--- Problem details ---
Set down, please, exactly the lines below that run from the line with "GE GNSV70FBL Faucet" to the line with "Women's Air Cushion", both lines included.

--- Listed entries ---
Start of Block
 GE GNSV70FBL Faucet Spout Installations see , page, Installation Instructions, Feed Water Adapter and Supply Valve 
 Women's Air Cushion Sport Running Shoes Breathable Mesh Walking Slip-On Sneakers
End of Block
Start of Block
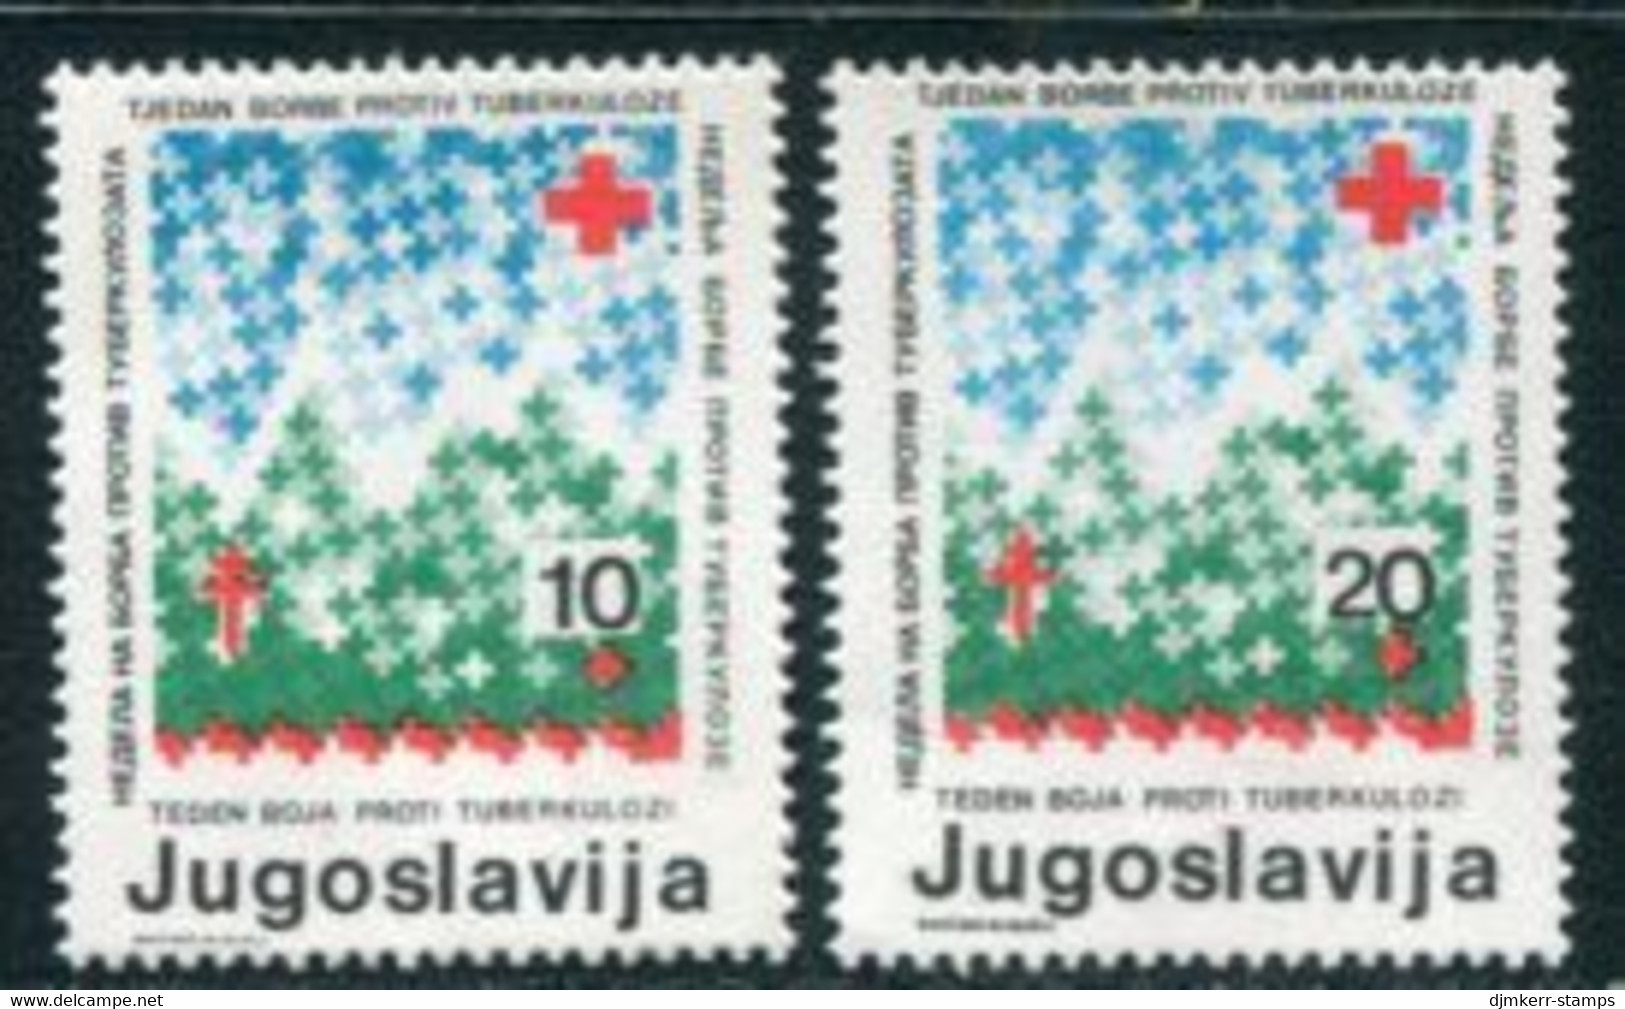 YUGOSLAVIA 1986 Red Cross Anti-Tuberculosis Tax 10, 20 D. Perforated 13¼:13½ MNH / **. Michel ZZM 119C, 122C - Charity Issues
End of Block
--- Task response ---
 GE GNSV70FBL Faucet Spout Installations see , page, Installation Instructions, Feed Water Adapter and Supply Valve 
 Women's Air Cushion Sport Running Shoes Breathable Mesh Walking Slip-On Sneakers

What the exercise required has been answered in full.